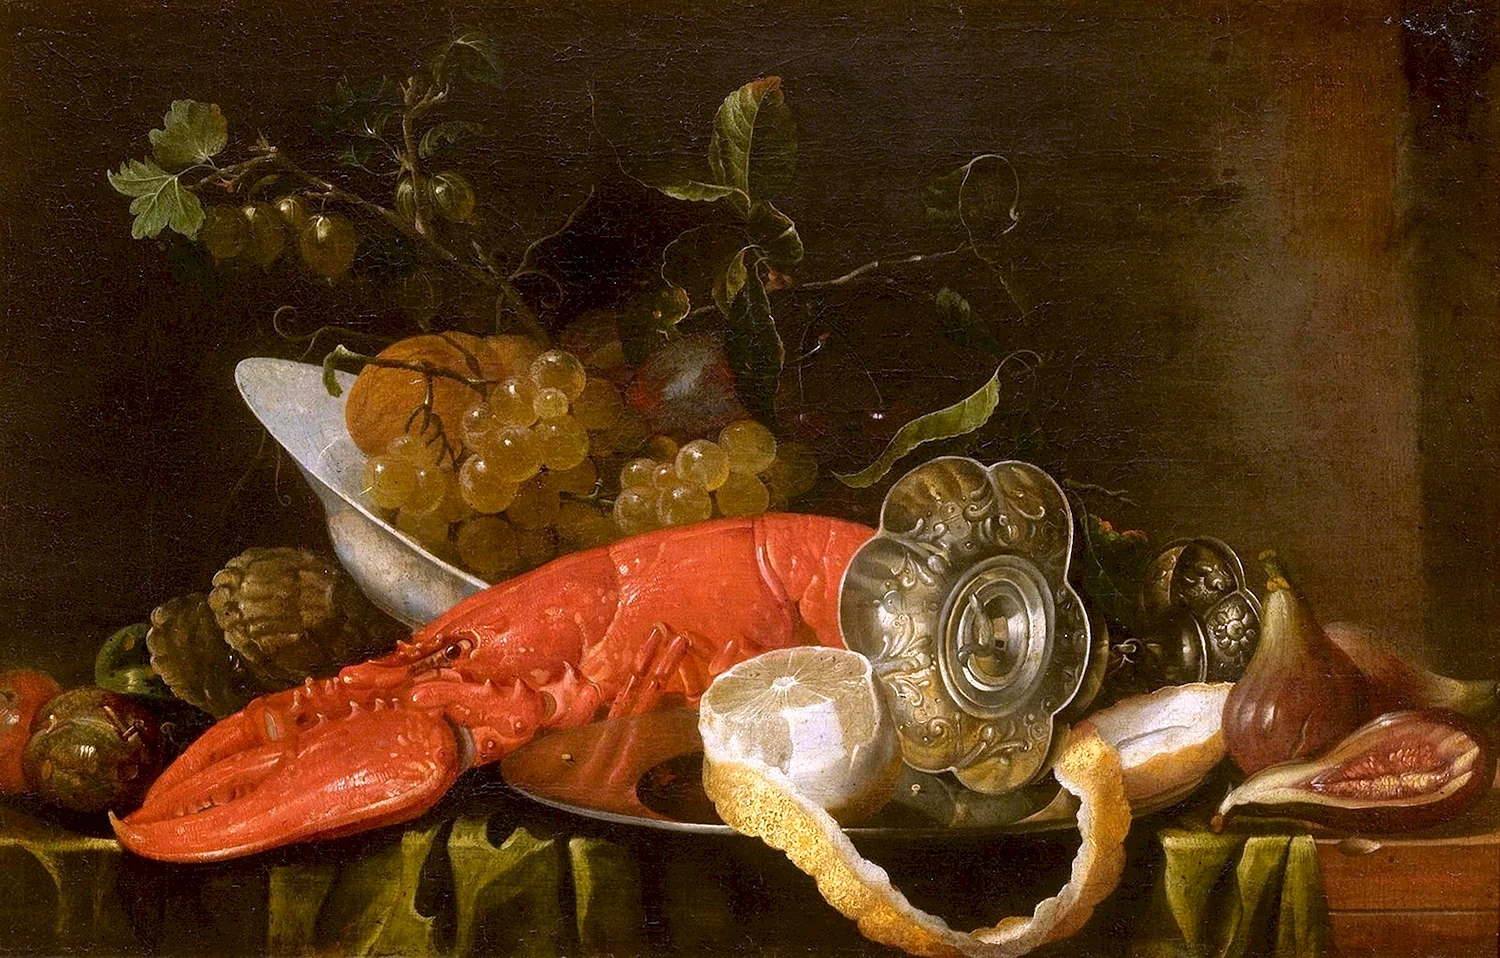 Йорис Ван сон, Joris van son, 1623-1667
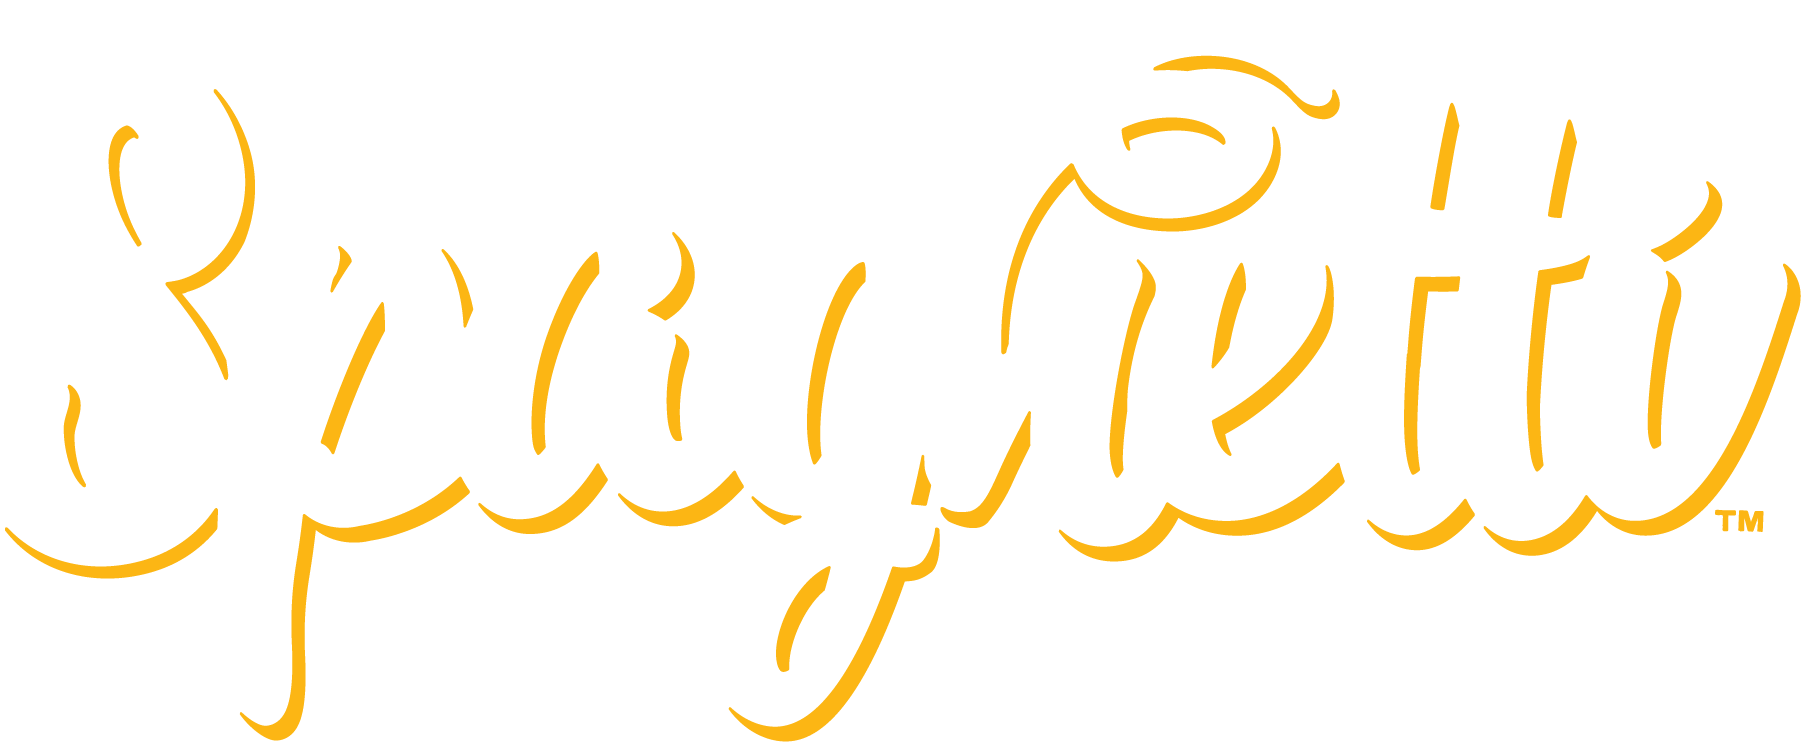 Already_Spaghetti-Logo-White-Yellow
————————
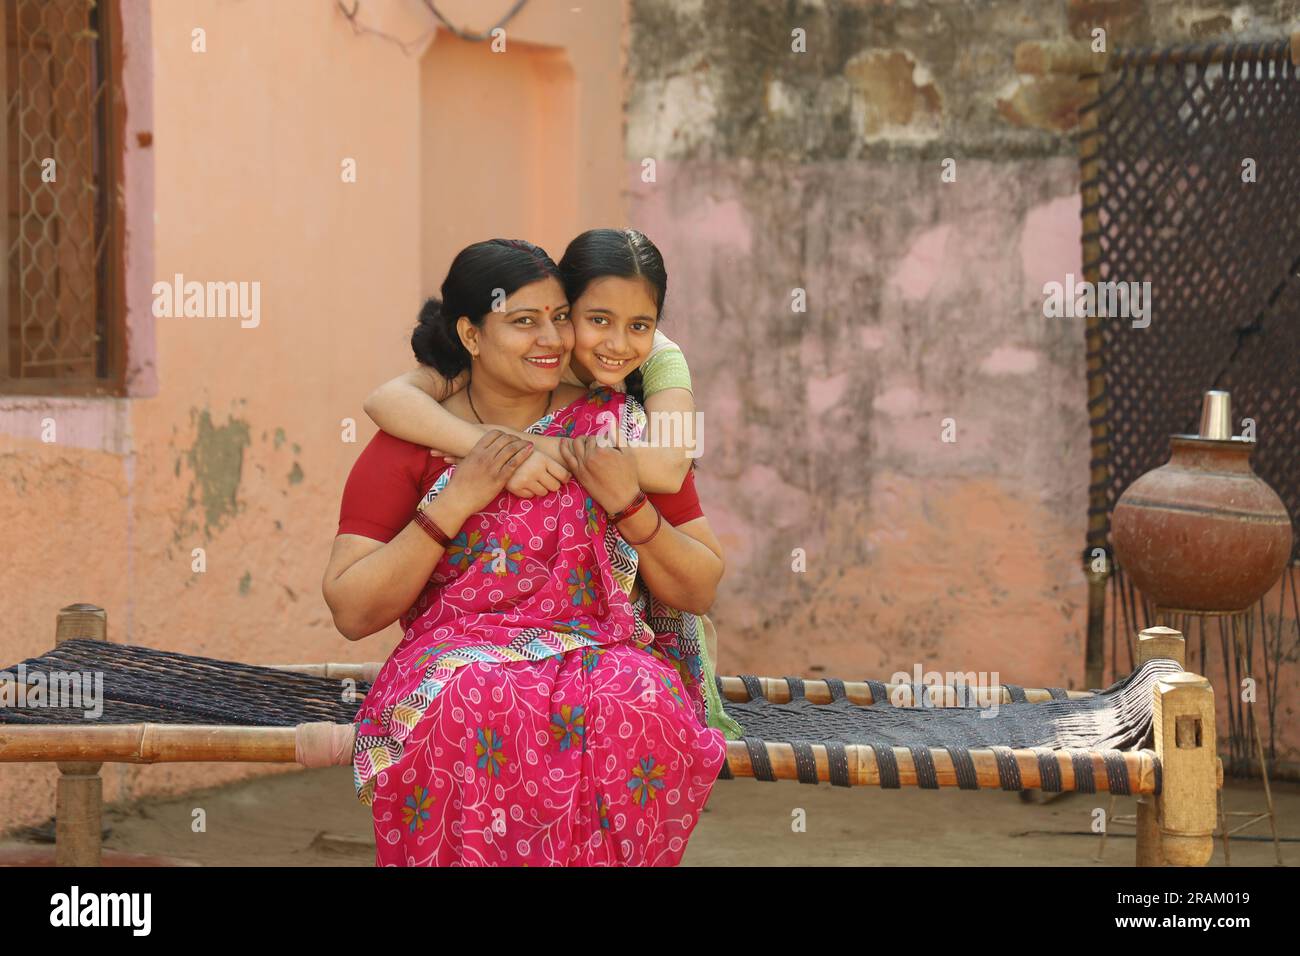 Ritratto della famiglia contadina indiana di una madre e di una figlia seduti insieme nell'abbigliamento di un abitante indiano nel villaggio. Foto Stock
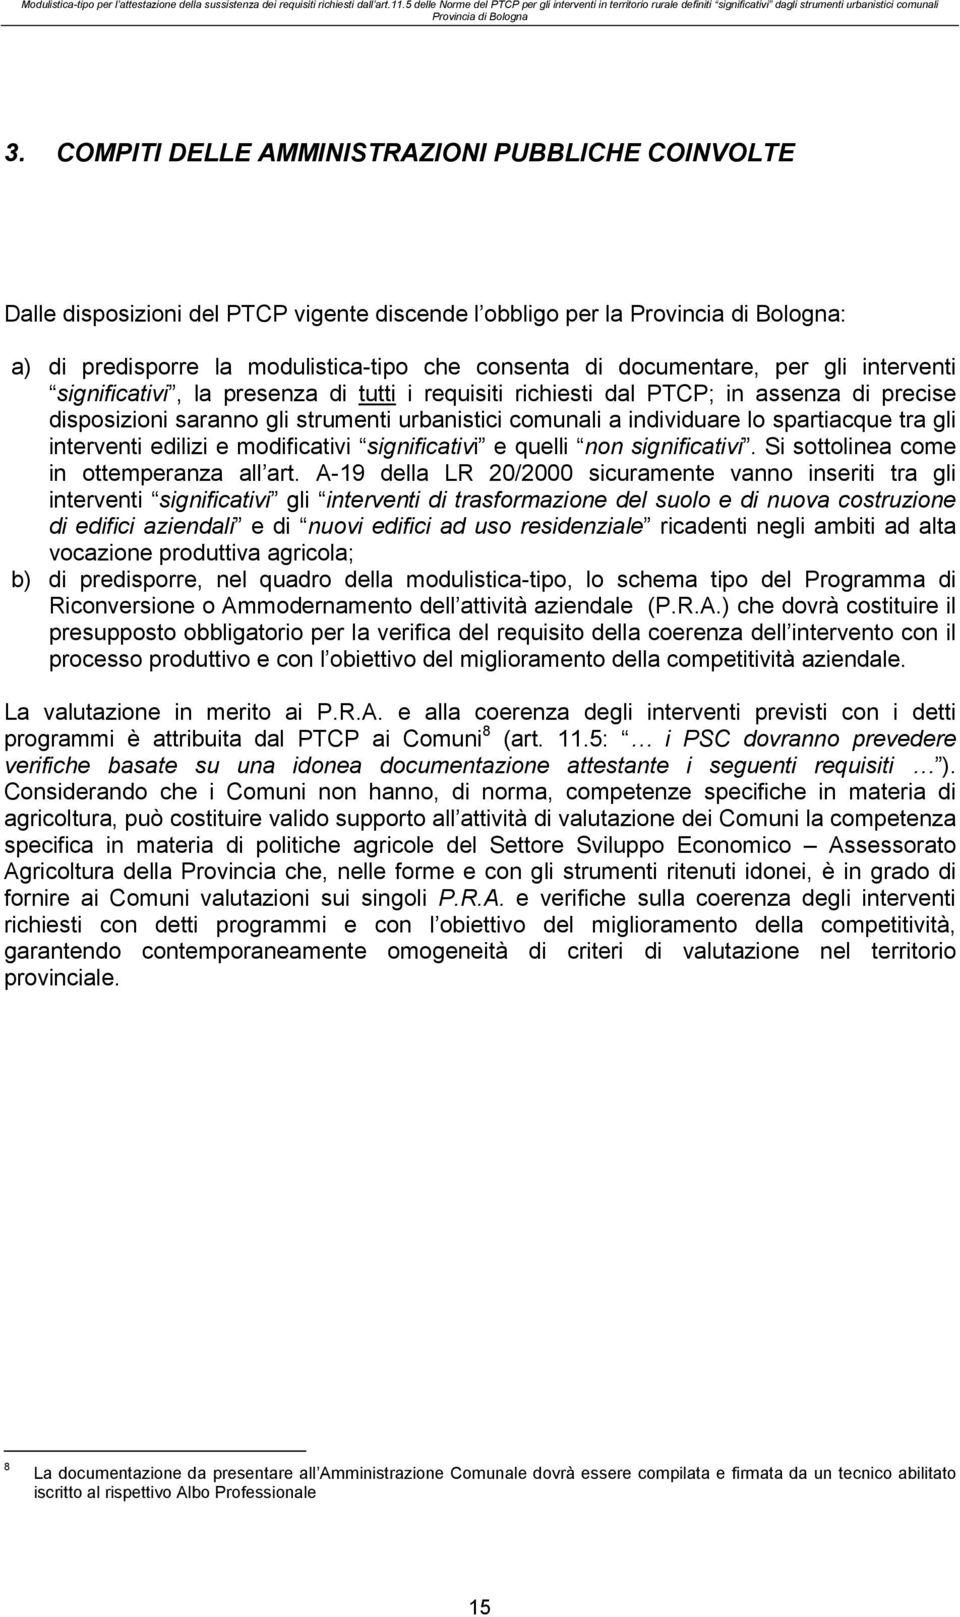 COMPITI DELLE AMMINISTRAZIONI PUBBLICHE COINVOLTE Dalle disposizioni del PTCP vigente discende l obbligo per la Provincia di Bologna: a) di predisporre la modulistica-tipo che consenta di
————————
> [AIM OF THE TASK] Set the pictures aside and reproduce exactly the lines above, from the line holding "Йорис Ван сон, Joris van son, 1623-1667" through the line holding "Already_Spaghetti-Logo-White-Yellow", both included, with nothing else.

> [WRITTEN SOLUTION]
 Йорис Ван сон, Joris van son, 1623-1667
 Already_Spaghetti-Logo-White-Yellow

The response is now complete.